Estado perdoa 630 milhões à banca no âmbito da resolução do BES

Novas condições contratuais acordadas entre governo e Fundo de Resolução suavizaram a fatura atual que recai sobre os bancos. Técnicos querem que a contribuição dos bancos deixe de depender dos OE anuais

O "apoio financeiro" que o Estado deu em agosto de 2014 para se fazer a resolução do Banco Espírito Santo (BES), nomeadamente o empréstimo de 3900 milhões de euros ao Fundo de Resolução (FR), implica, atualmente, um perdão de "cerca de 630 milhões de euros" aos bancos, que são as entidades responsáveis por suportar esse fundo, diz a Unidade Técnica de Apoio Orçamental (UTAO), num estudo requerido pelo PCP.

Assim é, porque o contrato inicial, que indicava que não deveria haver quaisquer custos adicionais para os contribuintes decorrentes da resolução do BES, foi sofrendo alterações mais favoráveis aos bancos de modo a não desestabilizar as suas contas e os seus rácios de capital, numa altura em que as instituições bancárias se deparam com elevados volumes de crédito malparado.

Segundo a UTAO, o próprio FR diz que em casos limite isso até "poderia colocar em risco a capacidade de continuar a prestar os serviços financeiros essenciais à economia, nomeadamente a concessão de financiamento".

A UTAO recorda que, "na sequência do sucessivo adiamento da venda do Novo Banco, foram conduzidos dois processos de revisão das condições de financiamento do Fundo, com o objetivo de garantir a respetiva sustentabilidade e equilíbrio financeiro".

Basicamente, os dois aditamentos ao contrato inicial dilataram prazos de pagamento do tal empréstimo de 3900 milhões de euros (contraído pelo FR, detido pelos bancos, junto do Estado) e suavizaram taxas de juro e comissões.

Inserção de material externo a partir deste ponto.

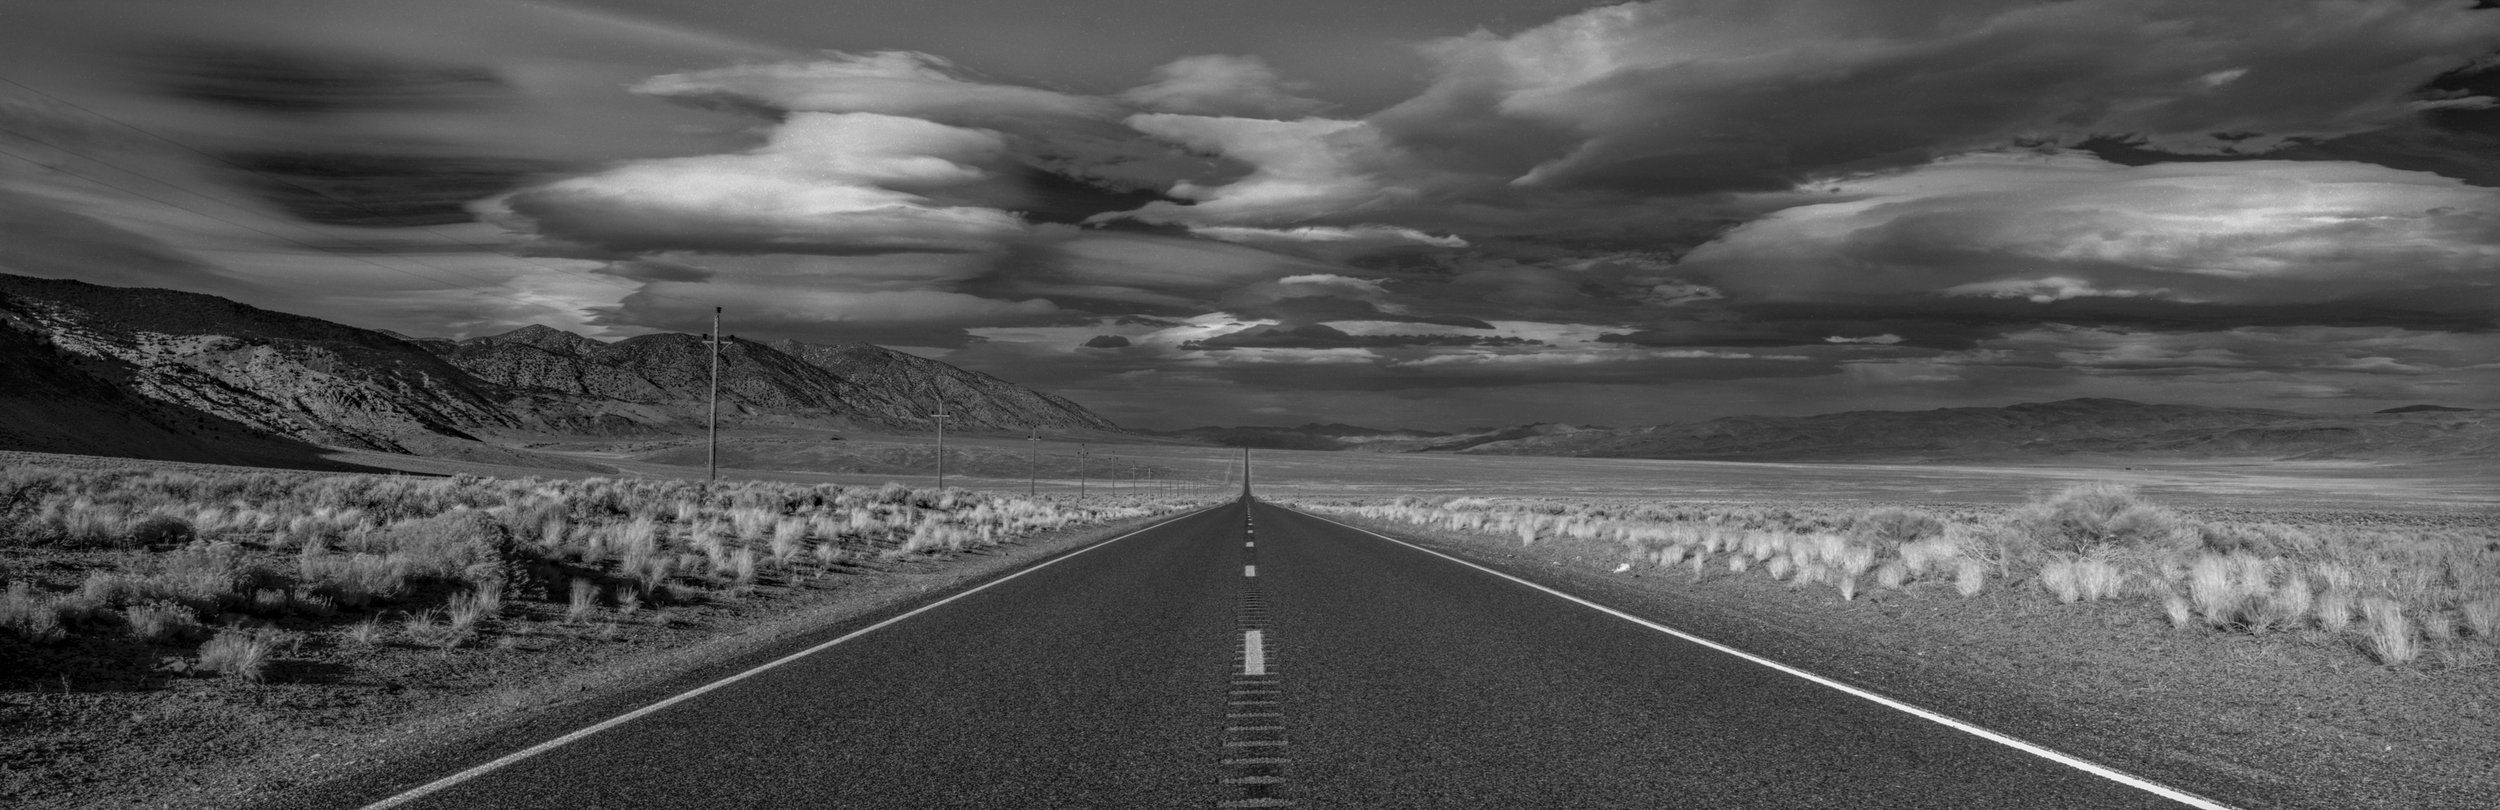   Highway 359. Nevada. November 18, 2010

A 10 de fevereiro de 2017, já pela mão do atual governo do PS, "foi formalizado o 2.º aditamento às condições contratuais do empréstimo concedido pelo Estado português, tendo ficado acordado um conjunto de novas condições contratuais". Isso reverte-se numa ajuda de 630 milhões de euros face ao modelo inicial, que era quase neutro para os contribuintes. Este aditamento "teve como preocupação a estabilidade e previsibilidade do esforço contributivo do setor bancário, sem recorrer a contribuições especiais ou qualquer outro tipo de contribuição extraordinária por parte das instituições participantes no Fundo de Resolução" e "alongou-se o prazo de vencimento do empréstimo para dezembro de 2046, tendo por base as receitas regulares, na qual também se incluiu a contribuição sobre o setor bancário".

Agora, com as novas condições do empréstimo do 2.º aditamento, "o contrato de empréstimo apresenta um valor atualizado líquido negativo, de cerca de menos 630 milhões de euros". Isto significa que o Estado emprestou, mas na verdade está a transferir dinheiro para os bancos. Esses 630 milhões são, neste momento, uma perda para os contribuintes.

"Este resultado depende necessariamente da taxa de desconto utilizada, da taxa de juro revista a cada cinco anos a partir de 2022, da data de reembolso do capital e da data de referência para o cálculo do valor atualizado", diz a UTAO.

Contribuição permanente

No entanto, faltam anos para que este processo fique concluído. Assim, a UTAO recomenda alterações, designadamente no desenho da contribuição bancária. Desde que foi criado, no Orçamento de 2011, que a contribuição (em nome da estabilidade financeira) é tida como "temporária" e "extraordinária", tendo de ser consagrada em todas as leis do OE.

A UTAO diz que para o plano de pagamentos do FR ao Estado ser bem e totalmente concretizado (e os contribuintes não serem lesados), o tal tributo tem de ser "permanente", ou seja, o imposto tem de existir até 2046, data prevista para o fim do pagamento do empréstimo, deixando de estar dependente de renovação nos orçamentos anuais.

O estudo conclui que a atual contribuição paga pelas instituições financeiras é insuficiente. "Para a execução do plano financeiro de longo prazo apresentado pelo Fundo de Resolução são insuficientes as contribuições regulares das instituições financeiras, mas a contribuição assume um papel determinante, com receitas anuais de 210 milhões de euros previstas até 2046", considera a UTAO.